**Lecutre 3 - Backpropogation, Neural Network**

- non-linearities (activation functions)
    - logistic/sigmoid
    - tanh
    - hard tan h
    - ReLu (rectified linear unit): ReLU(z) = max(z,0)
        - a lot is dead but some things are alive
        - trains quickly and performs will due to good gradient backflow
    - leaky ReLu / parametric ReLu
        - z<0 is not 0 but slightly sloped < 0

- why non-linearities are needed?
    - neural networks do function approximation (regression/classification)
    - without non-linearities, deep NN can't do anything more than a linear transform
    - extra layers could collapse to single linear transform: W_1 * W_2 * x = Wx
    - but with more layers that include non-linearities, they can approximate any complex function

**Back propogation**

- how to we calculate the slope of the loss function

    - 1. by hand (matrix calculus)
        - fully vectorized gradients
        - gradient = vector of partial derivatices with respect to each input
        - given a function with m outputs and n inputs
            - its Jacobian is an m x n matrix of partial derivatives
        - for composition of one-variable functions: multiply derivatives (dz/dx = dz/dy * dy/dx)
            - for multiple variables functions: multiple Jacobians
                - h = f(z)
                - z = Wx + b
                - dh/dx = dh/dz * dz/dx
        - apply the chain rule
            - s = u^transpose * h
            - h = f(z)
            - z = Wx + b
            - x (input)
            - ds/db = ds/dh * dh/dz * dz/db
            - ds/dW = ds/dh * dh/dz * dz/dW
            - note: the first 2 elements are the same...let's avoid duplicated computation and set those = _delta_
                - _delta_ is the upstream gradient ("error signal")
        - what's the output shape of ds/dW?
            - 1 output, nm inputs = 1 by nm Jacobian
            - computationally expensive
            - leave pure math and use the **shape convention:** the shape of the gradient is the shape of the parameters!
                - so n x m matrix
        - derivative with respect to matrix
            - ds/dW = _delta_ * dx/dW
            - ds/dW = _delta_^transpose * x^transpose
                - _delta_ = upstream gradient/error signal at z
                - x is local input signal
            - why the transpose?
                - each input goes to each output - you want to get outer product
                - let's consider the derivative of a single weight Wij
                - Wij only contributes to z_i (i.e.

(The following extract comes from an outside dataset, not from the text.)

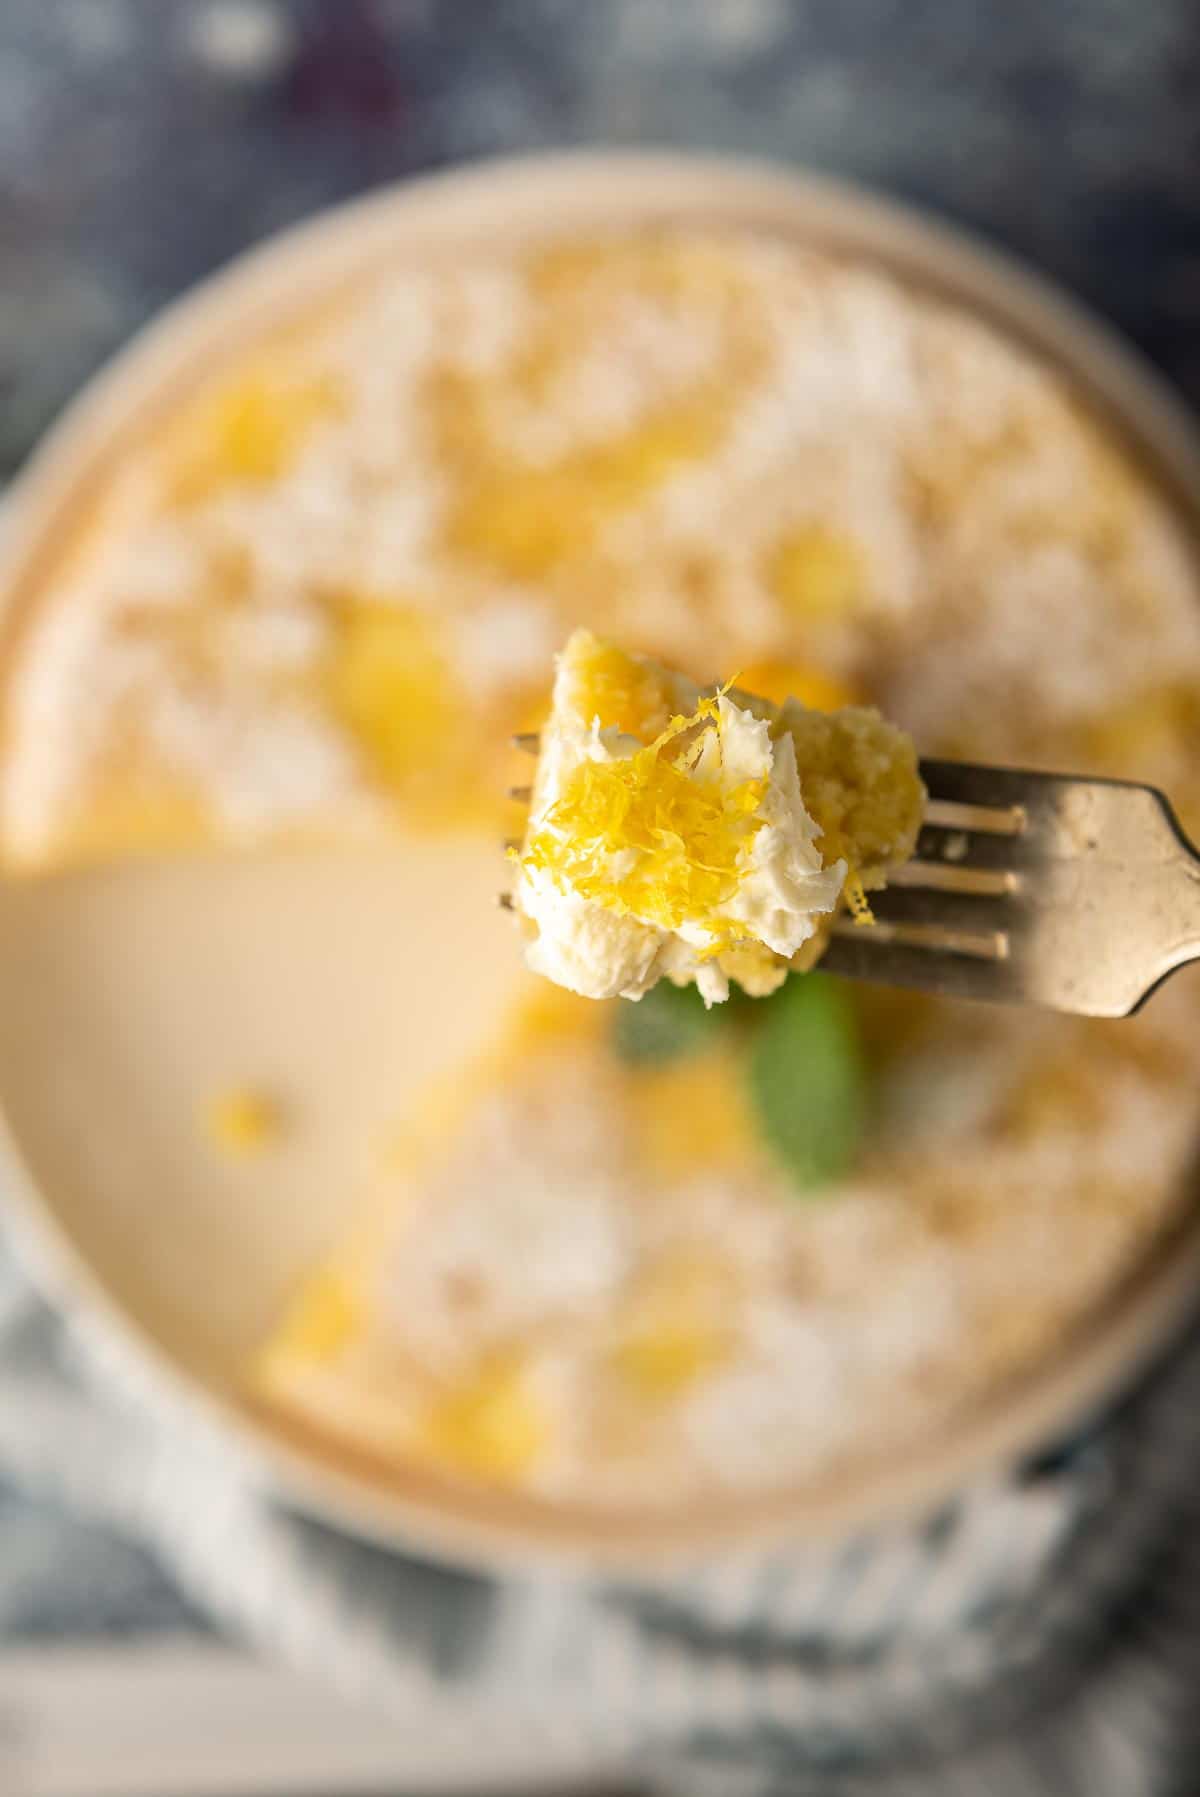 A close up of a bite of the Italian cheesecake with a bit of mascarpone on a fork.

W_23 is only used to compute z2 not z1)
        - what shape should derivatives be?
            - disagreement between Jacobian form (which makes chain rule easy) and the shape convention (which makes implementing SGD easy) (Jacobian results in row vector but shape convention says gradient should be a column vector bc b is a column vector)
            - expect hw answers to follow shape convention
            - but Jacobian form is useful for computing the answers
            - 2 options:
                - 1. use Jacobian as much as possible and reshape to follow shape convention at the end
                - 2. always follow the shape convention
                    - look at dimensions to figure out when to transpose and/or reorder terms
                    - error message _delta_ that arrives at a hidden layer has the same dim as that hidden layer

    - 2. **back propogation** algorithm
        -  one more concept: we re-use derivatives computed for higher layers in computing derivatives for lower layers to minimize computation
        - forward propogation
            - x --> W
            - then Wx --> b 
            - then z = Wx + b --> f
            - then h = f(z) --> u
            - then s --> output
        - backward propogation
            - go backwards along edges, pass along gradients
            - ds/ds --> ds/dh --> ds/dz --> ds/db
            - single node:
                - node receives an upstream gradient (node f receives ds/dh coming from h)
                - goal is to pass on the correct downstream gradient (node f passes ds/dz to z)
                    - ds/dz = ds/dh * dh/dz (chain rule)
            - node intuitions (forward propogation):
                - + distributes upstream gradient
                - max() routes upstream gradient
                - * switches the forward coefficients in the downstream gradient
            - efficiently compute
                - compute all gradients at once
        - **automatic differentiation**
            - inferred from the symbolic expression of the fprop
            - each node type needs to know how to compute its output and how to compute the gradient wrt its inputs given the gradient wrt its output
            - modern DL frameworks (Tensorflow, PyTorch) do backpropogation for you but mainly leave layer/node writer to hand-calculate the local derivatice


    

In [None]:
# backprop implementation

class ComputationalGraph(object):
    
    def forward(inputs):
        for gate in self.graph.nodes_topologically_sorted()
            gate.forward()
        retrun loss
    
    def backward():
        for gate in reversed(self.graph.nodes_topologically_sorted()):
            gate.backward()
        return inputs_gradients
    
# forward/backward API

class MultiplyGate(object):

    def forward(x,y):
        z = x*y
        self.x = x
        self.y = y
        return z
    
    def backward(dz):
        dx = self.y * dz # [dz/dx * dL/dz]
        dy = self.x * dz # [dz/dy * dL/dz]
        return [dx, dy]

**Summary**

- backpropagation = recursively apply the chain rule along computation graph
    - downstream gradient = upstream gradient x local gradient
- forward pass = compute results of operations and save intermediate values
- backward pass = apply chain rule to compute gradients